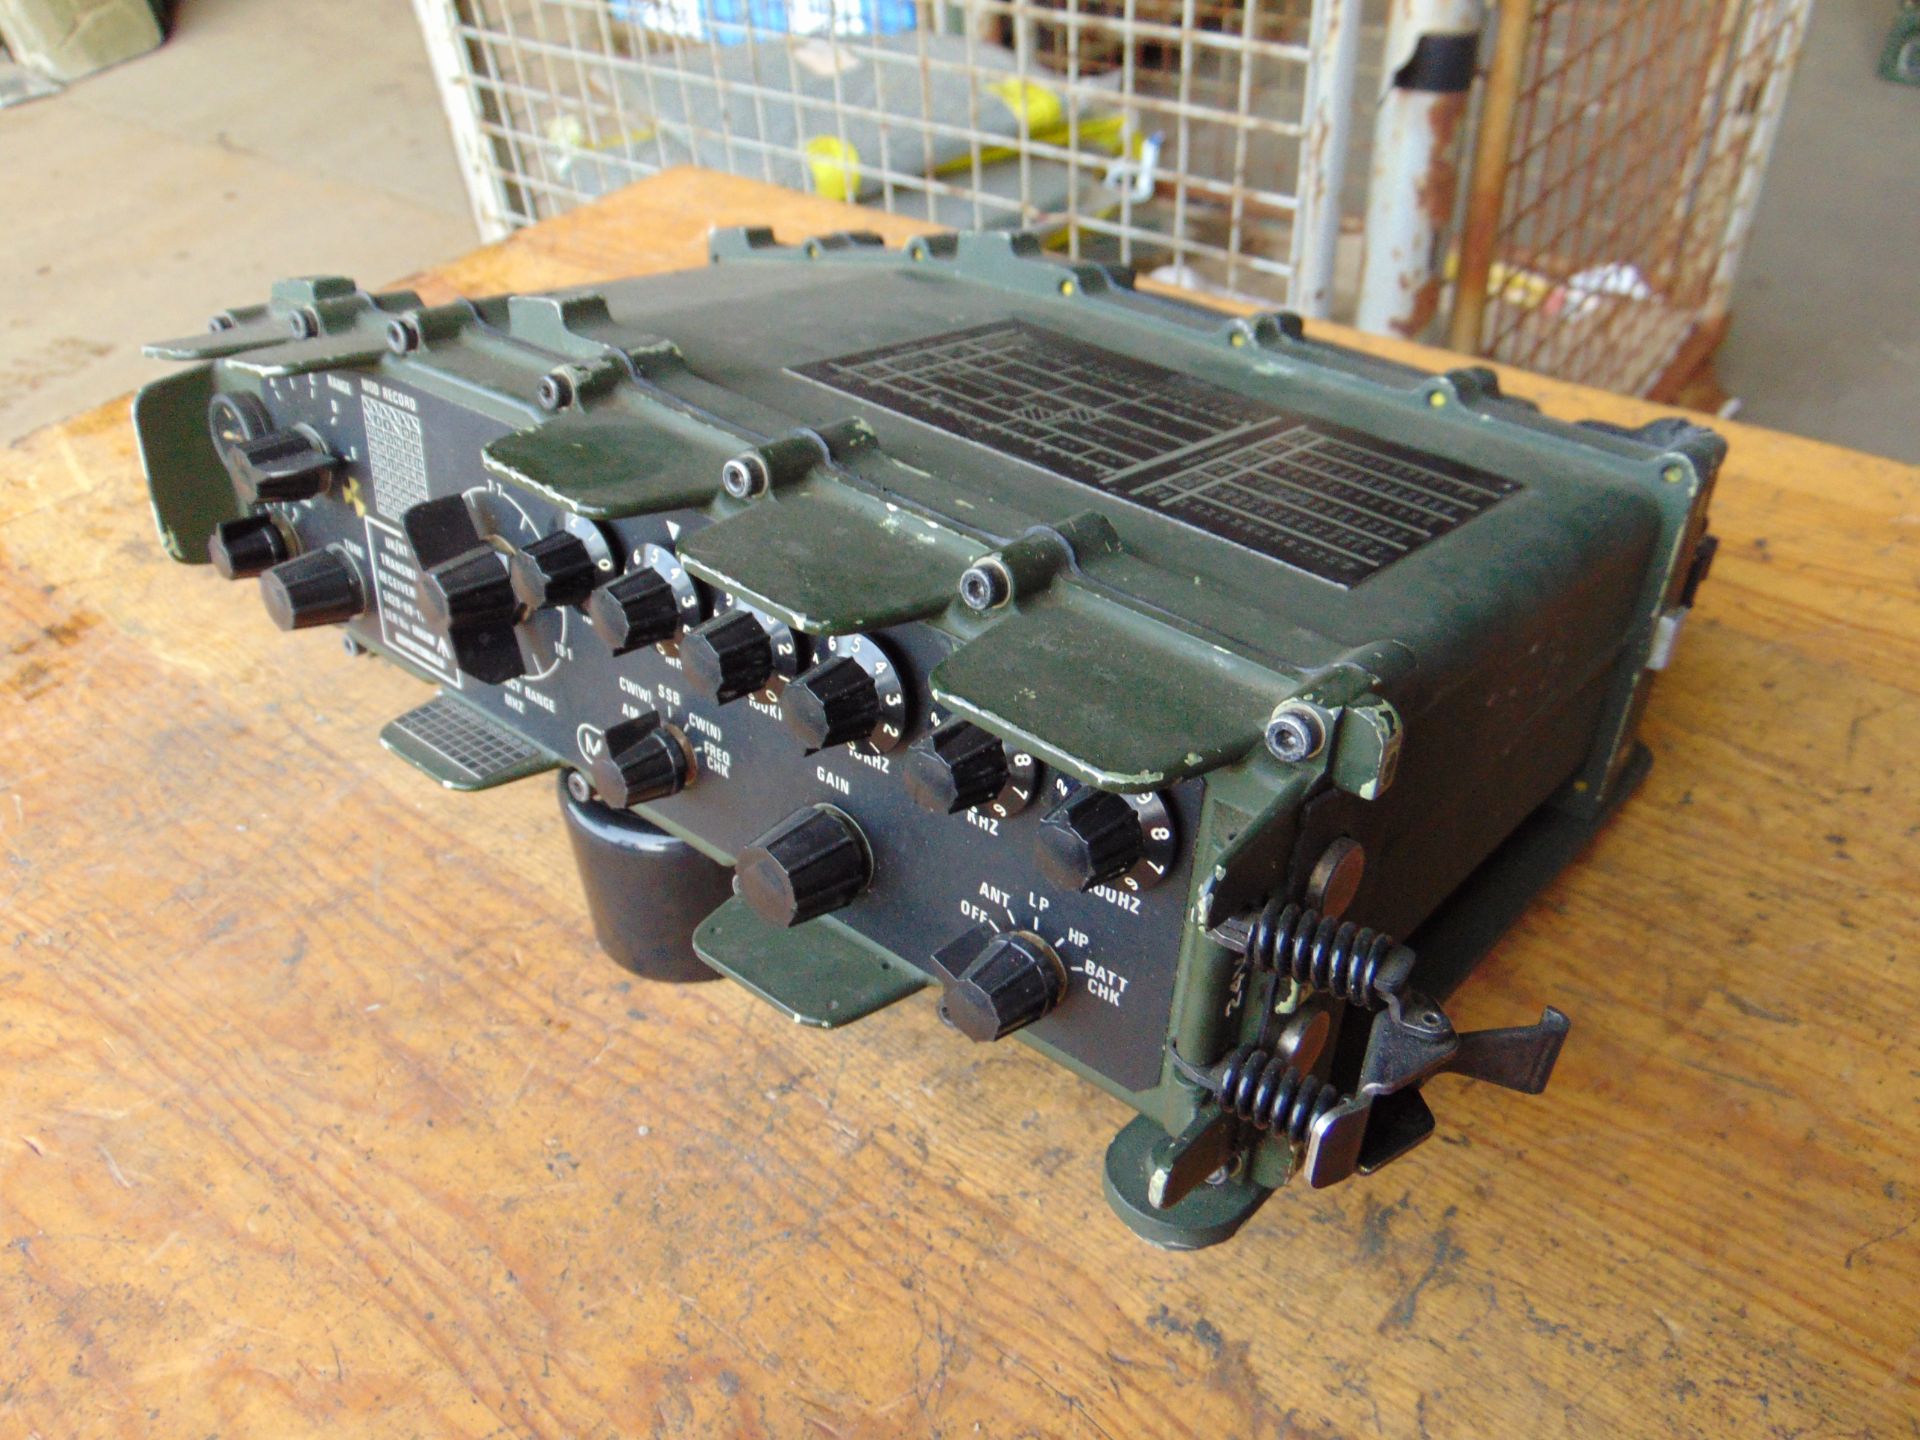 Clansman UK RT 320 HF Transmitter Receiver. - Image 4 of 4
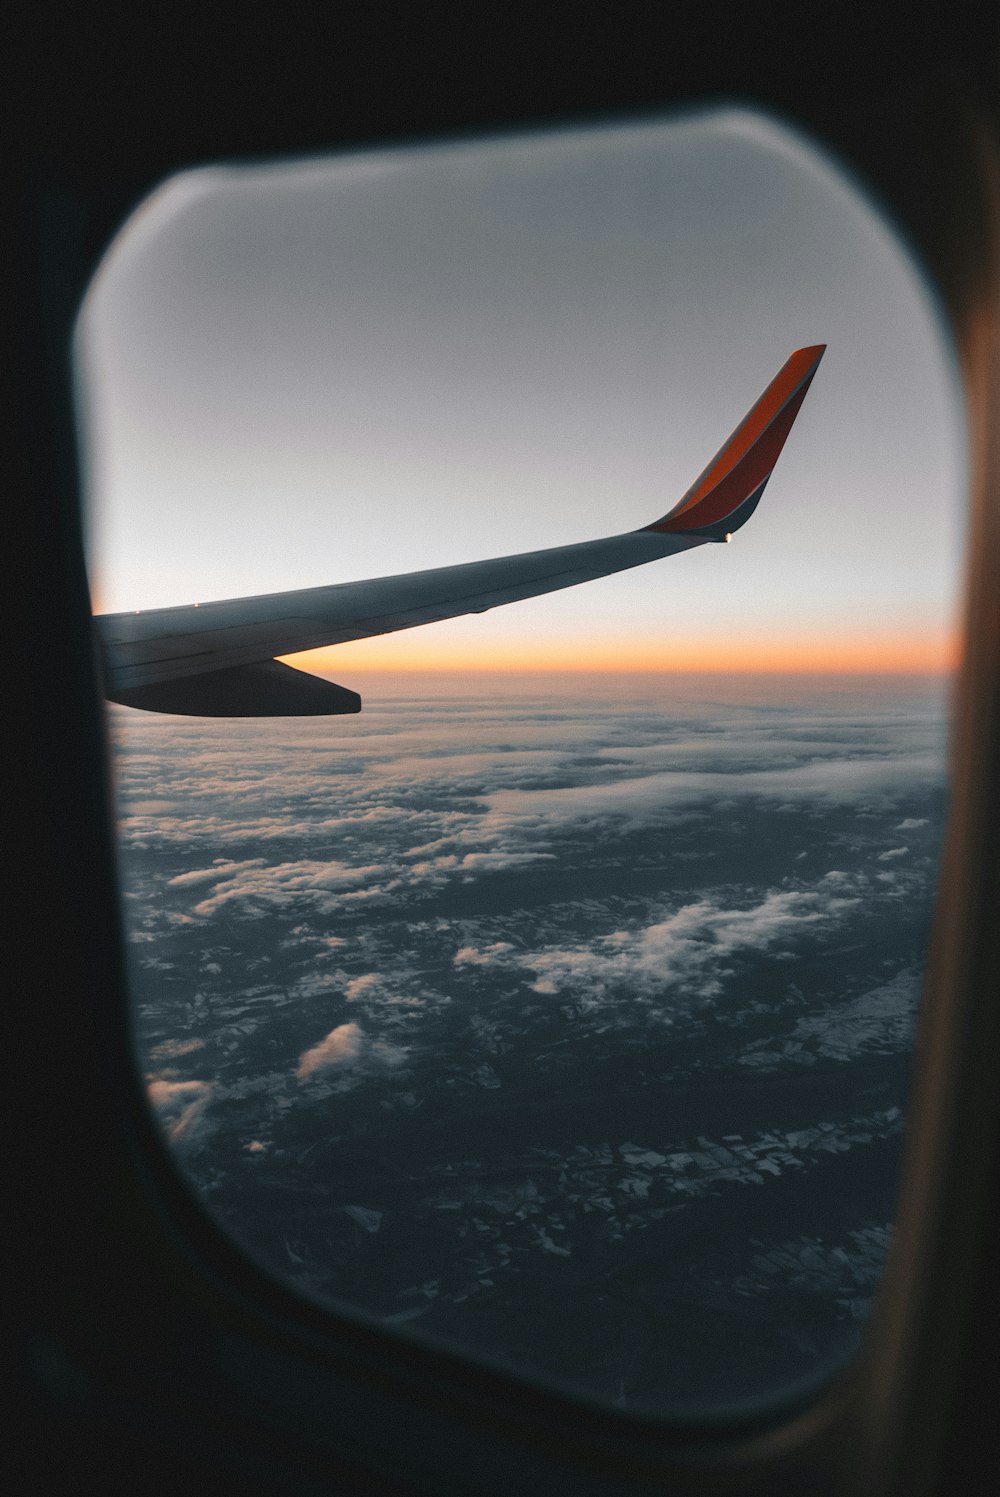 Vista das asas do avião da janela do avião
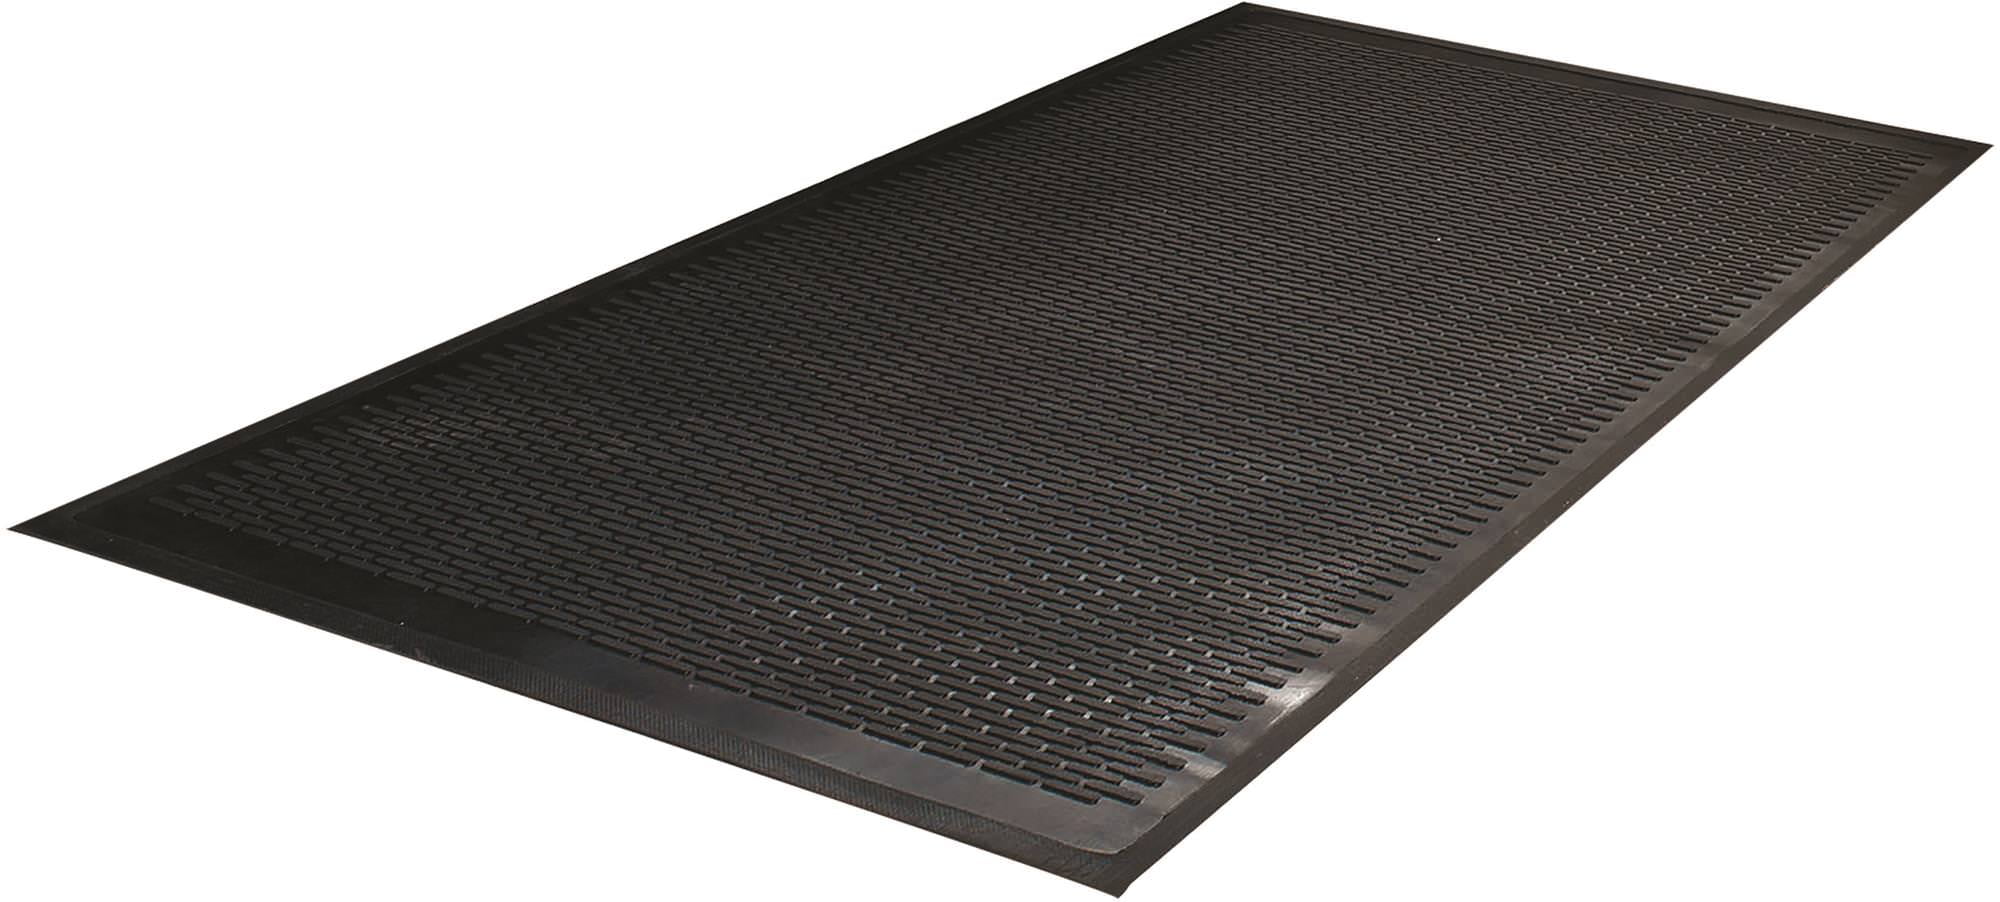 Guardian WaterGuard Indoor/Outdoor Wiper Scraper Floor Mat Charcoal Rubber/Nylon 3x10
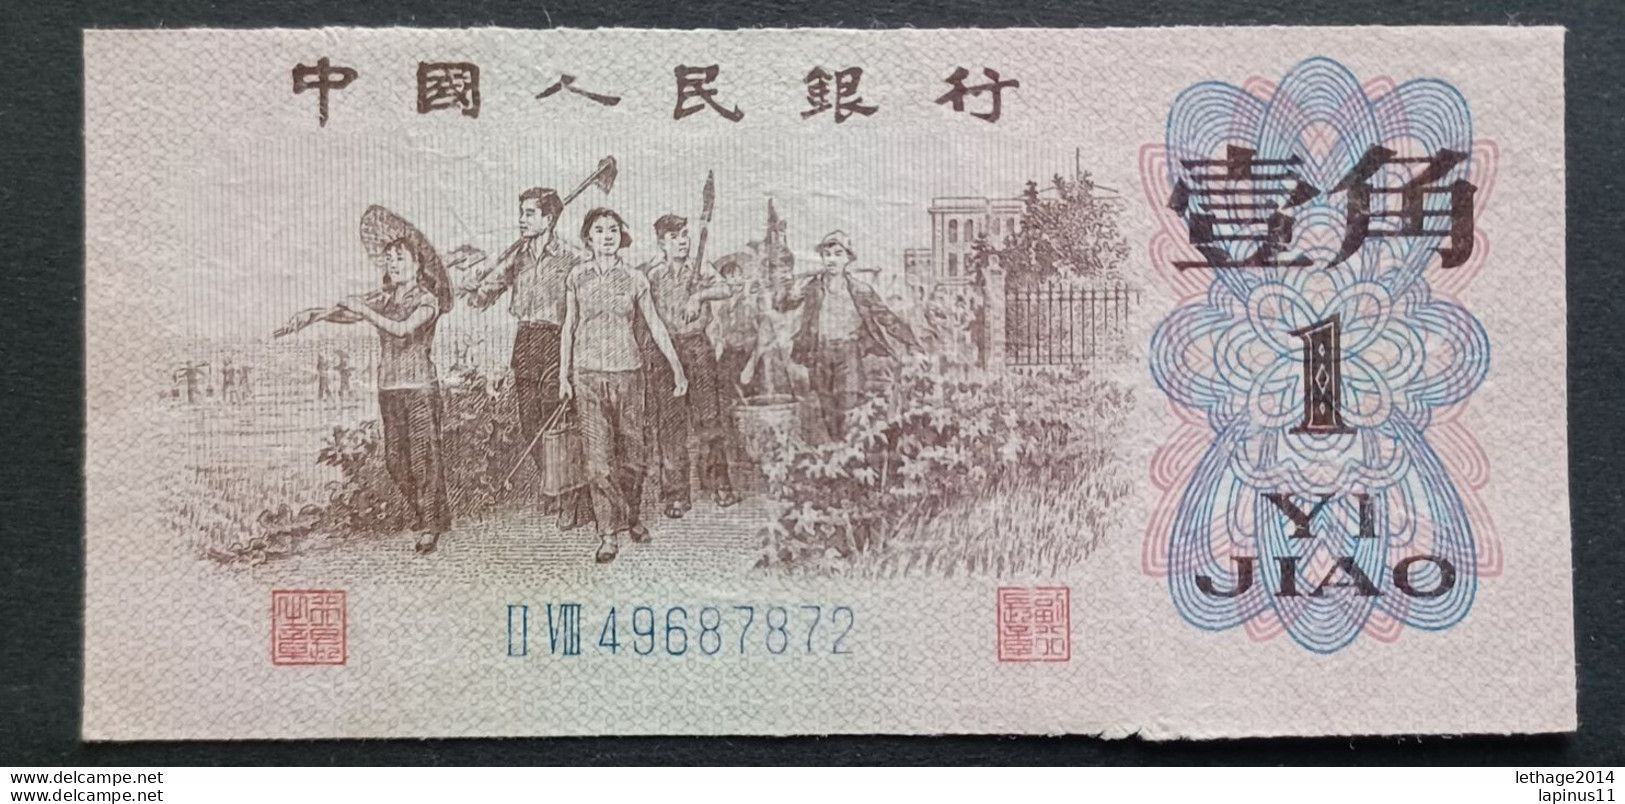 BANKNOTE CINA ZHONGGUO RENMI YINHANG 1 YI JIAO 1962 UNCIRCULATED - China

┄┄┄┄┄┄

Action item: Would you restate the listing word for word and leave every picture out?

Response below:
 Clansman UK RT 320 HF Transmitter Receiver. - Image 4 of 4
 Vista das asas do avião da janela do avião
 Guardian WaterGuard Indoor/Outdoor Wiper Scraper Floor Mat Charcoal Rubber/Nylon 3x10
 BANKNOTE CINA ZHONGGUO RENMI YINHANG 1 YI JIAO 1962 UNCIRCULATED - China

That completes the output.